Respondendo a perguntas relativas ao patético episódio de Tancos, o ministro da Defesa anuncia que pediu a quem de direito “um varrimento mais inspetivo e menos estático” sobre o estado das instalações militares. É obviamente de aprovar. “Varrimentos estáticos” não suscitam grande confiança. Não é que o material que se diz roubado represente grande perigo: era obsoleto. Ou melhor: não representa grande perigo para a população em geral. Porque o ministro reconhece que para uma certa categoria de entre a população ele é efectivamente perigoso.

Qual categoria? A dos hipotéticos ladrões. Diz-nos o ministro: “Sem querer estar a fazer humor com isso, um civil que queira utilizar um sistema LAW [um sistema de mísseis anti-carro, expressão que o ministro não aprecia, por ser “demasiado espectacular”] obsoleto, arrisca-se a que lhe expluda nas mãos. Arrisca-se, no mínimo, a que esse sistema ou não dispare ou não seja capaz de cumprir com a eficiência que teria se não estivesse, desculpem-me a expressão, fora de prazo”. Eis uma análise puramente técnica que manifesta, entre outras coisas, uma louvável preocupação com o bem-estar dos hipotéticos (repito: hipotéticos) ladrões e até, é lícito imaginar, com a eficácia das suas possíveis acções futuras. Só não se percebe que o tal equipamento estivesse guardado no paiol de Tancos para ser utilizado num curso de formação de sapadores. Não haveria idênticos riscos nesse caso?
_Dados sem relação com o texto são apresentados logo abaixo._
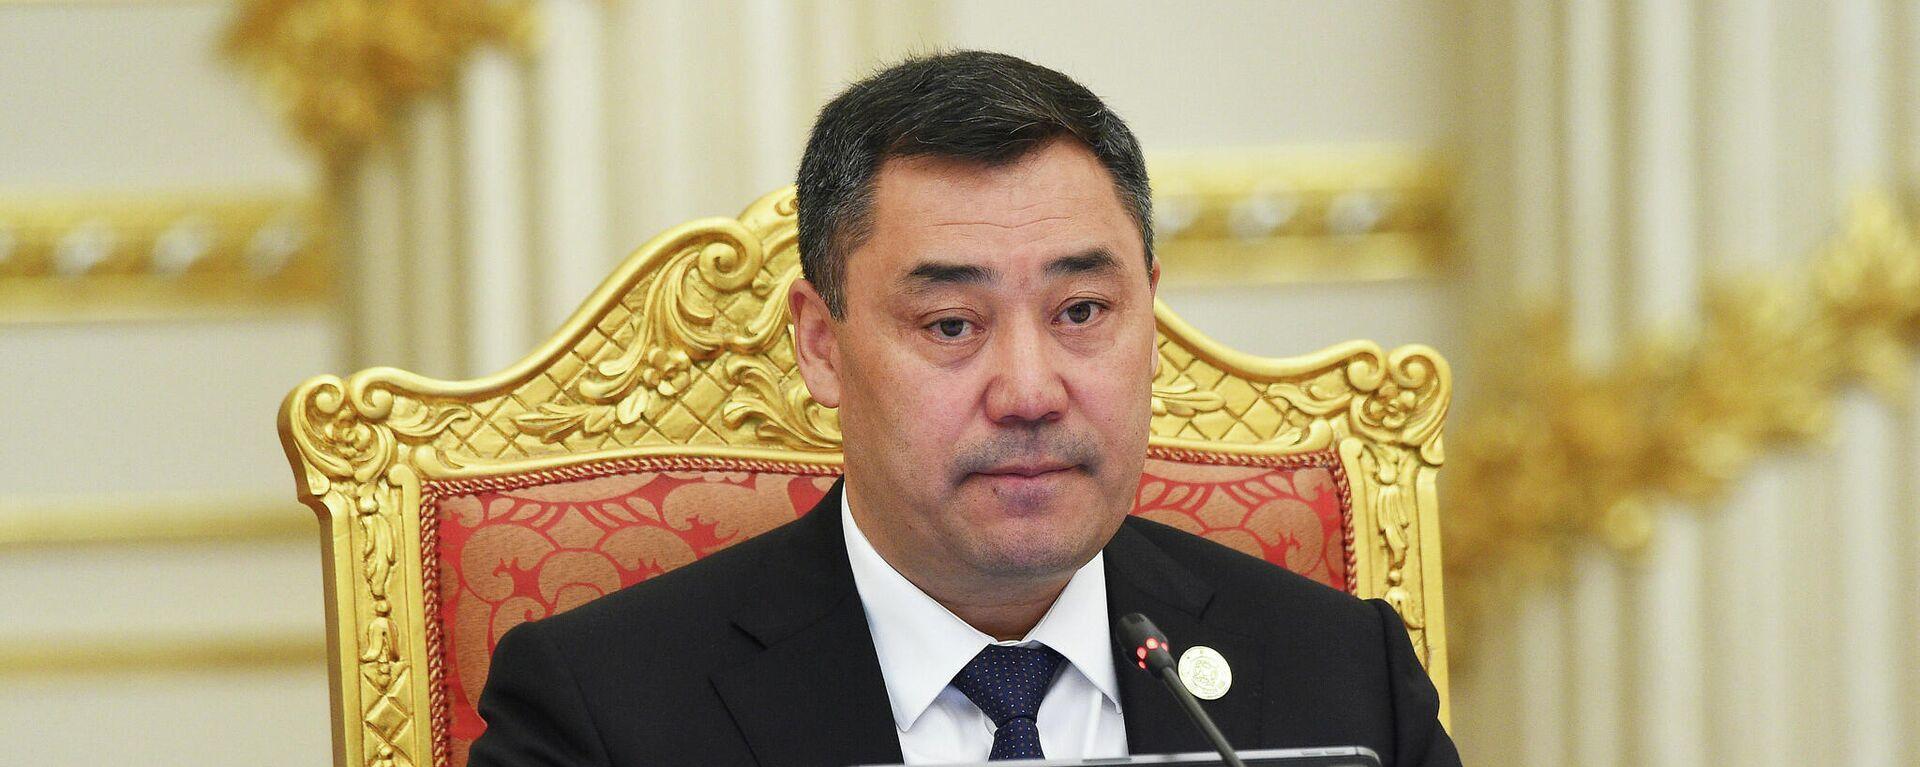 Президент Кыргызстана Садыр Жапаров - Sputnik Таджикистан, 1920, 17.09.2021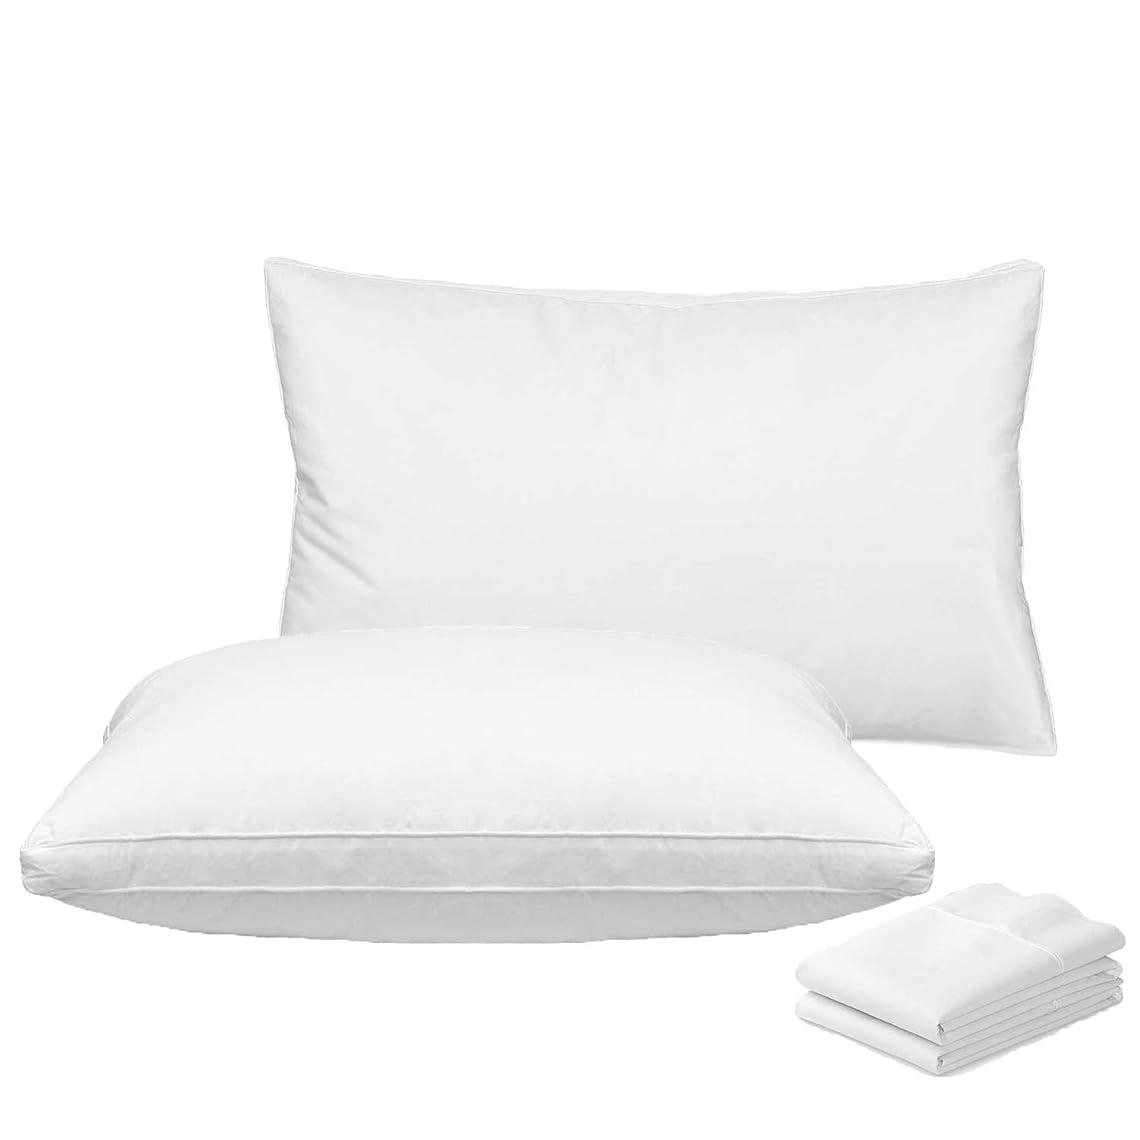 アークアパート代理店ROADSWIN 枕 安眠 人気 枕 肩こり 安眠枕 枕と枕カバー 2組セット 高反発枕 横向き対応 丸洗い可能 立体構造 高級ホテル仕様 - 43x63cm

Reparar-se-á que escreve “material que se diz roubado” e “hipotéticos ladrões” duas vezes. Não foi por acaso. Foi porque o ministro vê toda a situação com um radical cepticismo. De facto, declara, “não sei se esteve lá [no paiol de Tancos] alguém”. Tudo o que declara conhecer são factos visíveis ou estritamente discursivos. Há “um furo na cerca” e “foi declarado o desaparecimento de material militar”: “o que sei é que material que se encontrava à guarda do exército desapareceu”. Um céptico é prudente e recusa-se a dar o salto do visível para o invisível. Não faz conjecturas: “não estou nem deixo de estar convencido, só sei que desapareceu”. Tenha estado lá alguém ou não, desapareceu. Pode-se ter limitado a desaparecer sem acção humana alguma. Quem somos nós para saber? Apenas nos é concedido o direito a supor uma verosimilhança ou outra: “Tenho de presumir, por bom senso e porque não sou dado a teorias da conspiração, que desapareceu algures antes de 28 de junho quando eu tomei conhecimento”. Suponho que o ministro da Defesa alarga esse sentimento geral à existência do mundo prévia ao seu nascimento: tem de presumir, sem que tal presunção represente uma convicção sólida, que o nosso bom planeta já cá estava antes da memorável data.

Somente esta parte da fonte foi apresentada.